The multiphase, multifaceted Essex Crossing development on the Lower East Side has scored a construction loan for its biggest building.

Delancey Street Associates, the group of investors and developers behind Essex Crossing, closed on $200M of construction financing for 180 Broome St. from Wells Fargo and M&T Bank, the Wall Street Journal reports. Delancey Street Associates will fund the remainder of the $300M building, which will include 175K SF of office space, 263 rental apartments (split between market-rate and designated affordable units) and a portion of the Market Line retail hall.

Construction on 180 Broome St. is expected to begin this month and complete in 2020 as the third of four phases. Delancey Street Associates, which is made up of L+M Development Partners, Goldman Sachs Urban Investment Group, Taconic Investment Partners and BFC Partners, expects to complete the first four buildings that make up the first phase — including Trader Joe's and Target locations — by the end of this year.

The tower will stand 26 stories tall, with the top 21 floors dedicated to residential space.
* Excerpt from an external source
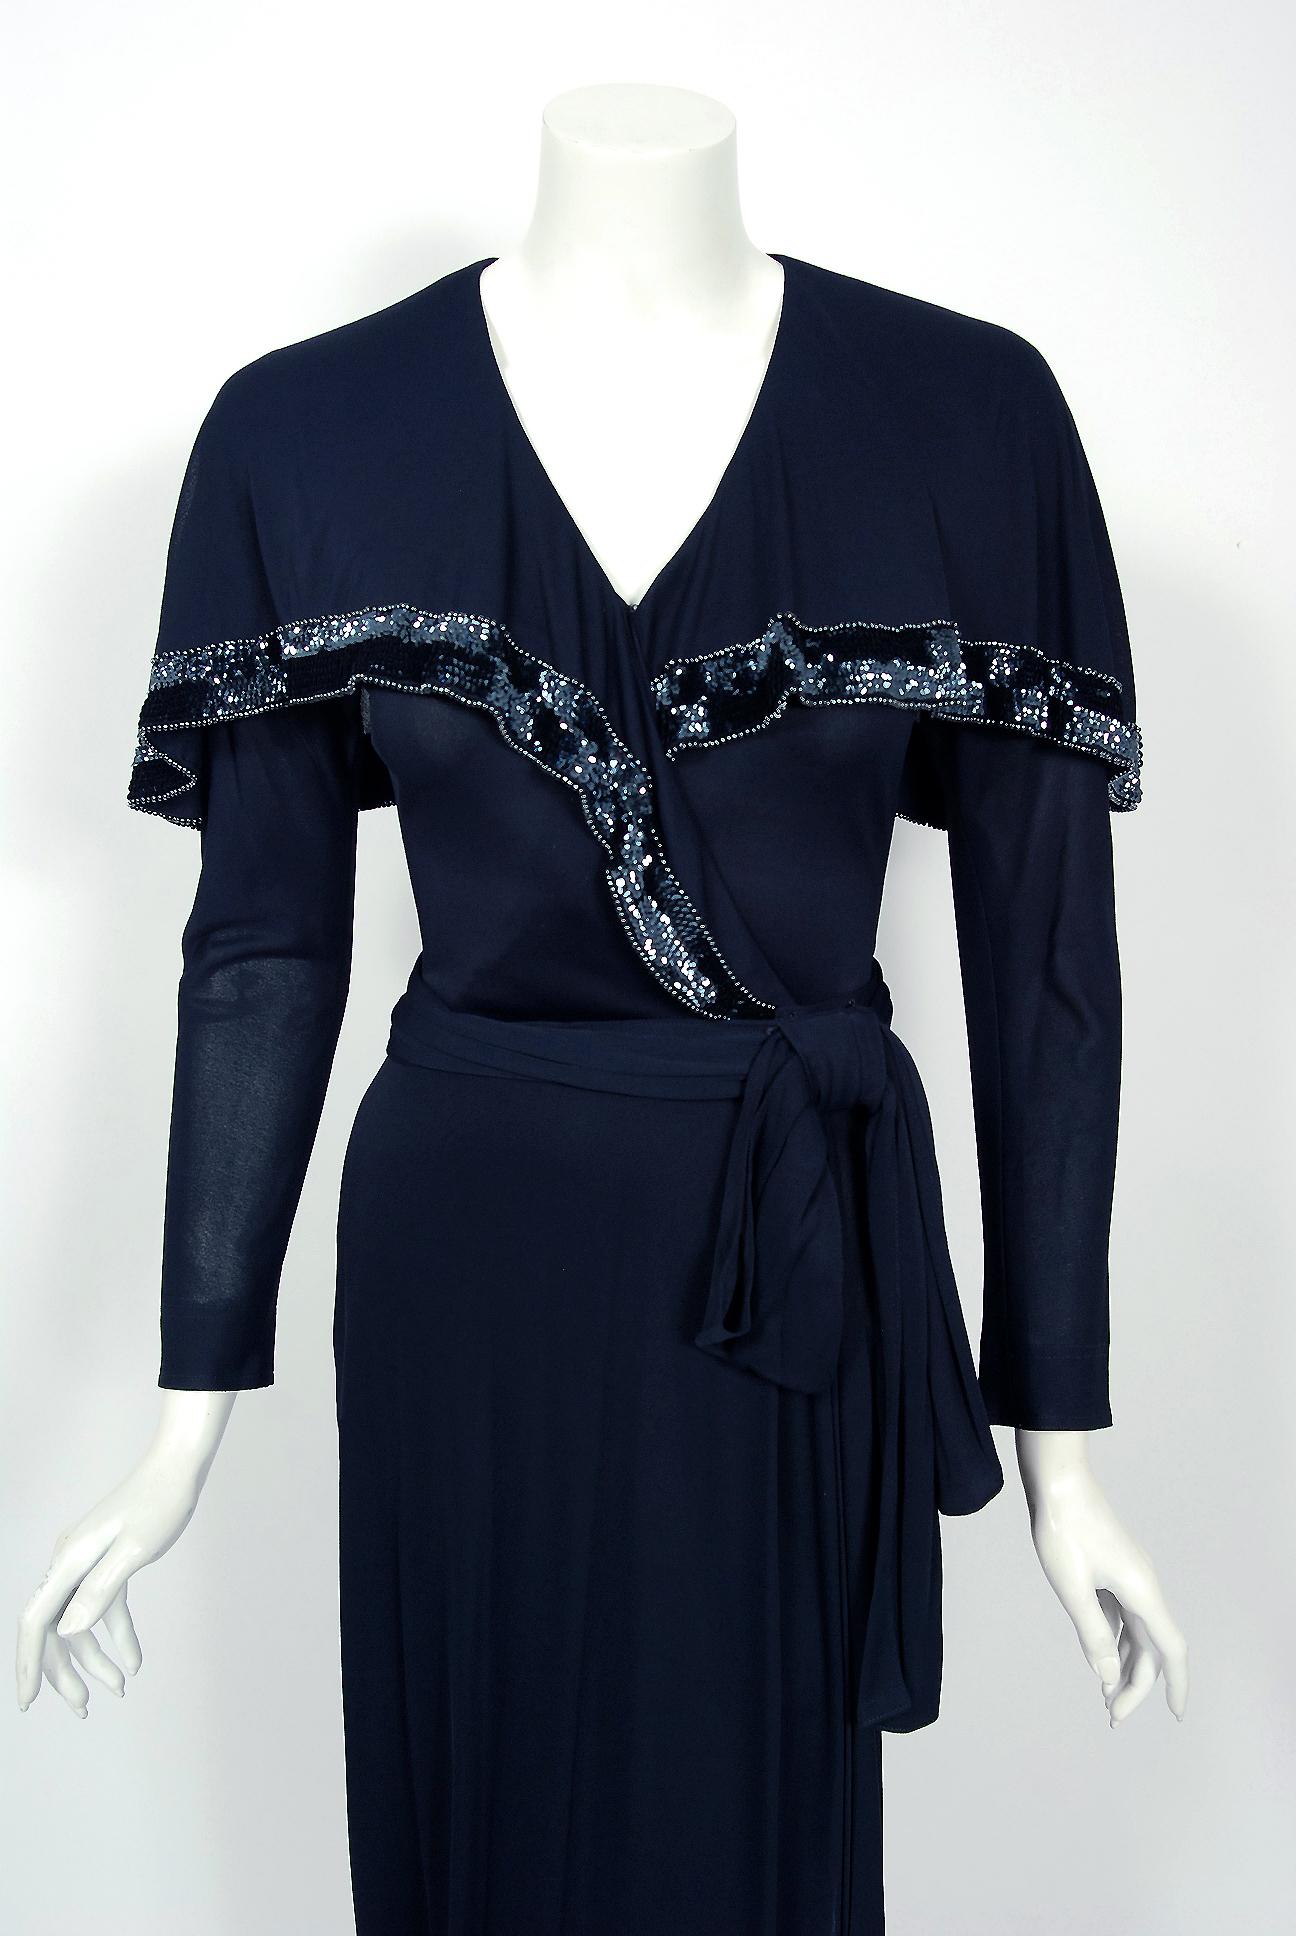 A gorgeous 1977 Jean Muir designer silk-jersey dress with original deadstock $2895 price tags still attached. The self-taught Muir made her name in the 1960's, creating a reputation for exquisitely tailored, timeless, feminine clothing. Muir is

The office portion will include outdoor terraces, bicycle rooms, showers and an atrium with event space. All of that will sit above the 10K SF retail portion, likely to be part of the 150K SF Market Line, meant to be a long, bazaar-style marketplace with shops and eateries connected to the older Essex Street Market.

When 180 Broome is complete, Delancey Street Associates told the WSJ all but 35 of the affordable units it has promised will have delivered. All told, Essex Crossing is set to include over 1,000 apartments, over half of which will be designated affordable.